Use an array with a "border".
Testing the edge conditions is tedious and can be avoided by making the array 1-bigger around the edge, each element with the value of INT_MIN.
Additionally, consider 8 tests, rather than a double nested loop
// Data is in matrix[1...N][1...M], yet is size matrix[N+2][M+2]
for (i=1; i <= N; i++) {
for (j=1; j <= M; j++) {
maximum = matrix[i-1][j-l];
if (matrix[i-1][j+0] > maximum) maximum = matrix[i-1][j+0];
if (matrix[i-1][j+1] > maximum) maximum = matrix[i-1][j+1];
if (matrix[i+0][j-1] > maximum) maximum = matrix[i+0][j-1];
if (matrix[i+0][j+0] > maximum) maximum = matrix[i+0][j+0];
if (matrix[i+0][j+1] > maximum) maximum = matrix[i+0][j+1];
if (matrix[i+1][j-1] > maximum) maximum = matrix[i+1][j-1];
if (matrix[i+1][j+0] > maximum) maximum = matrix[i+1][j+0];
if (matrix[i+1][j+1] > maximum) maximum = matrix[i+1][j+1];
newmatrix[i][j] = maximum
All existing answers require examining every cell in the matrix. If you don't already know what the locations of the maximum value are, this is unavoidable, and in that case, Amit Kumar's BFS algorithm has optimal time complexity: O(wh), if the matrix has width w and height h.

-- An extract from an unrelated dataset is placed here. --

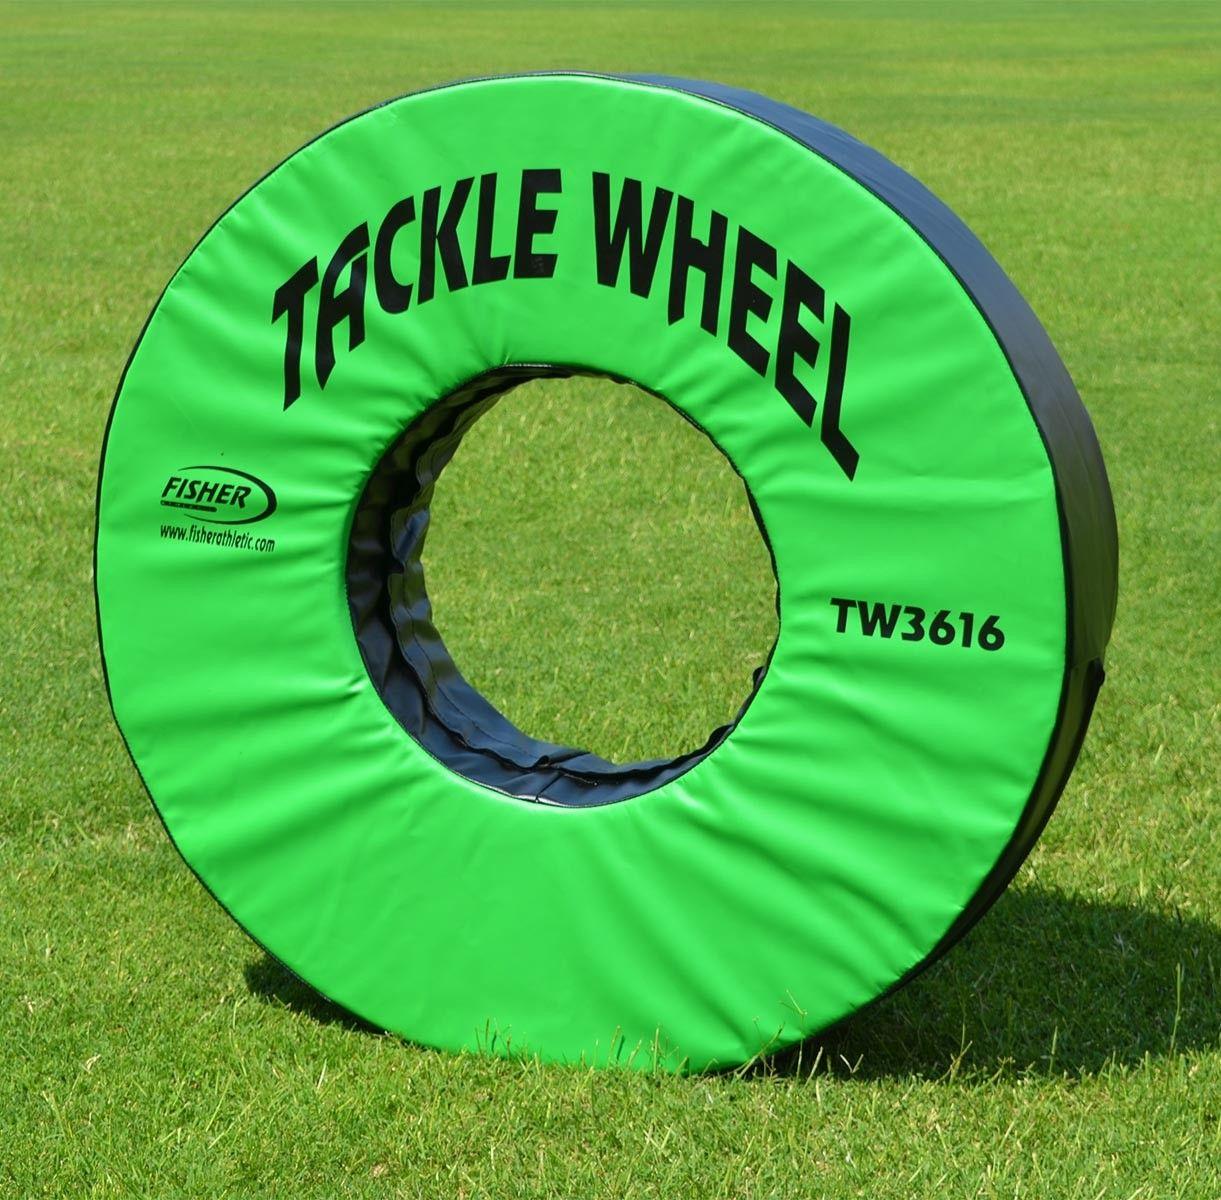 Fisher 36 dia football tackle wheel tw3616 tackling

OTOH, perhaps you already know the locations of the k maximum values, and k is relatively small. In that case, the following algorithm will find the answer in just O(k^2*(log(k)+log(max(w, h)))) time, which is much faster when either w or h is large. It doesn't actually look at any matrix entries; instead, it runs a binary search to look for candidate stopping times (that is, answers). For each candidate stopping time it builds the set of rectangles that would be occupied by max by that time, and checks whether any matrix cell remains uncovered by a rectangle.
To explain the idea, we first need some terms. Call the top row of a rectangle a "starting vertical event", and the row below its bottom edge an "ending vertical event". A "basic interval" is the interval of rows spanned by any pair of vertical events that does not have a third vertical event anywhere between them (the event pairs defining these intervals can be from the same or different rectangles). Notice that with k rectangles, there can never be more than 2k+1 basic intervals -- there is no dependence here on h.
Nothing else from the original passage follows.